Satisficing and Optimal Generalised Planning via Goal Regression (Extended Version)

Conference: AAAI 2026 arXiv: 2511.11095 Code: https://github.com/dillonzchen/moose Area: Model Compression Keywords: generalised planning, goal regression, policy synthesis, search pruning, planning domains

TL;DR

This paper presents the Moose planner, which synthesises generalised planning programs from training problems via goal regression. It decomposes multi-goal problems into single-goal subproblems, solves each optimally, and applies regression followed by lifting to produce a set of first-order condition-action rules. These rules support either satisficing planning (direct rule execution) or optimal planning (encoded as axioms to prune the search space).

Background & Motivation

Generalised Planning (GP) aims to synthesise programs that solve a family of related planning problems. The core objective is to amortise synthesis cost: solving a family of problems faster than invoking a general-purpose planner on each instance individually.

Many real-world domains are computationally easy to solve yet difficult to scale with existing general-purpose planners.
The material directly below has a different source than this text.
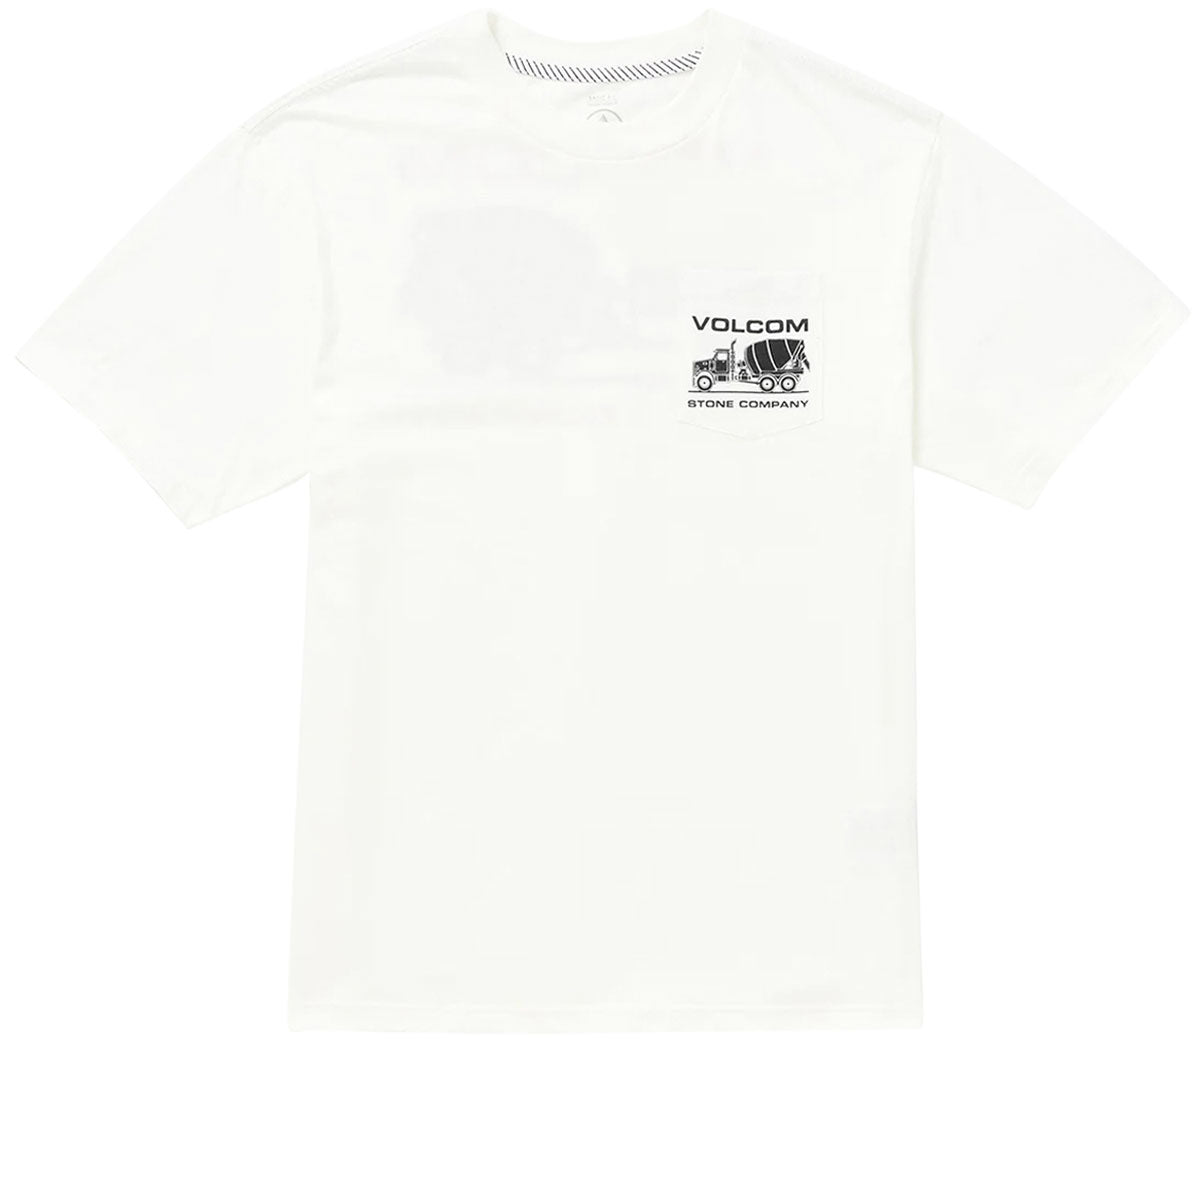 Volcom Skate Vitals Grant Taylor 1 T-Shirt - Off White image 1
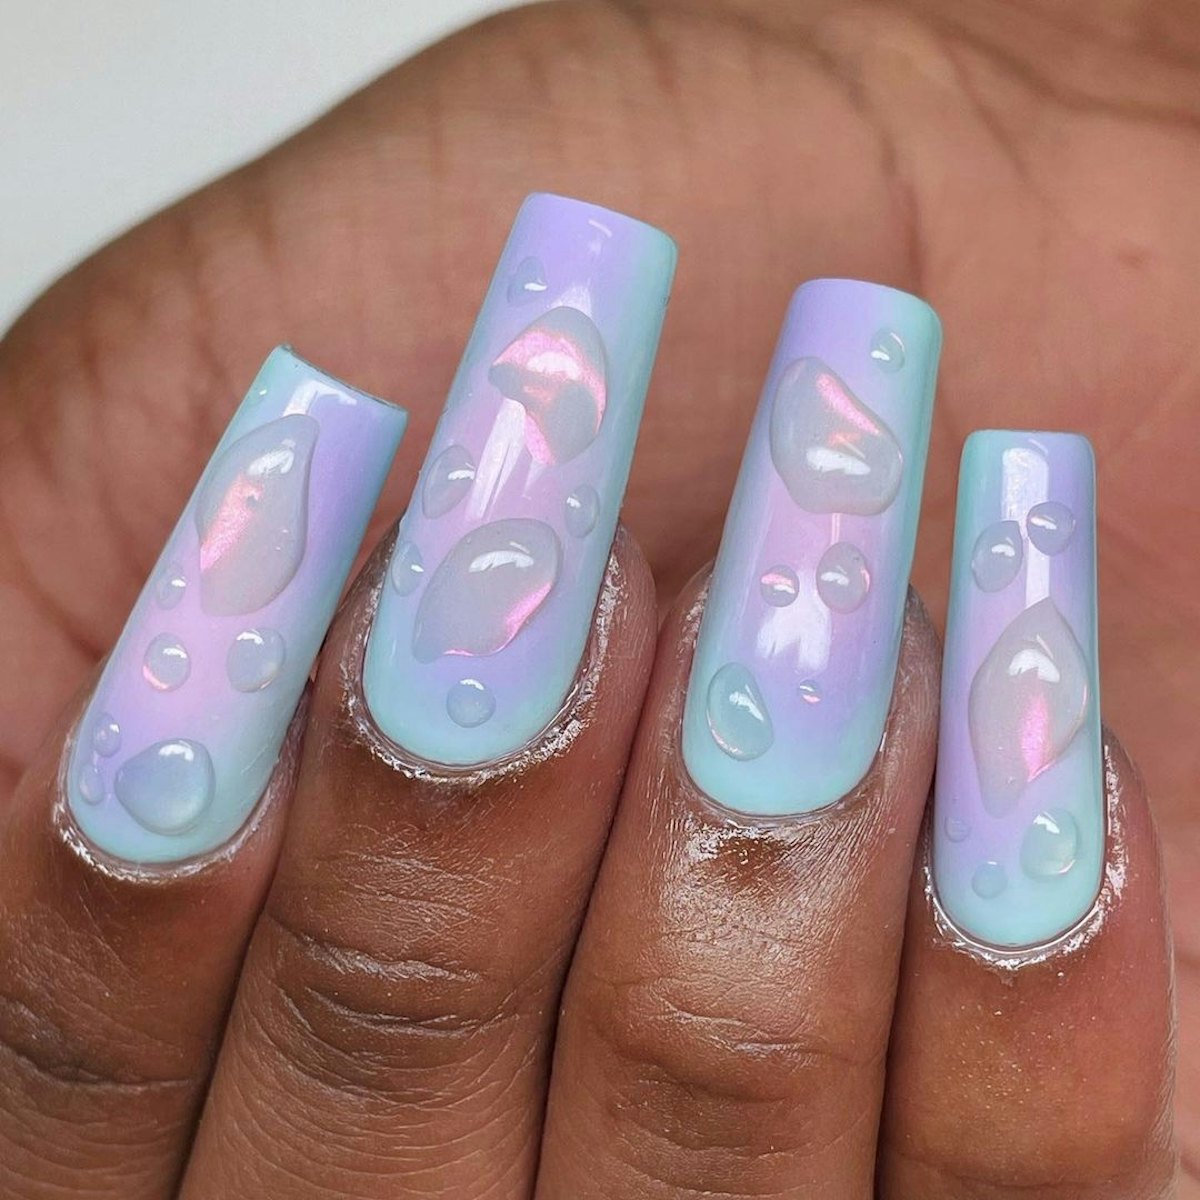  Try mermaid-inspired iridescent nail art for Pisces season.

For instance, UPS delivers over 20 million parcels daily across 200+ countries, yet state-of-the-art general planners struggle with simplified delivery problems involving as few as 100 parcels.

Existing GP methods (e.g., sketch learner, PG3, Loom) each have notable limitations:

  • High synthesis cost, with some domains failing to complete within 12 hours
  • Excessive memory consumption
  • Lack of theoretical guarantees for optimal planning

Moose is motivated by leveraging goal regression—a technique with a long history in the knowledge representation community—combined with problem relaxation (decomposing multi-goal problems into single-goal subproblems), enabling efficient generalised plan synthesis and instantiation in a three-step pipeline.

Method

Overall Architecture

Moose operates in two phases:

Synthesis Phase (Algorithm 1): 1. For each training problem, enumerate goal-atom orderings and decompose each into single-goal subproblems. 2. Solve each subgoal optimally while advancing the current state along the way. 3. Apply goal regression to each sub-plan (backpropagating from the goal state to the required preconditions). 4. Lift the resulting state–goal–action sequences by replacing concrete objects with free variables, yielding first-order rules.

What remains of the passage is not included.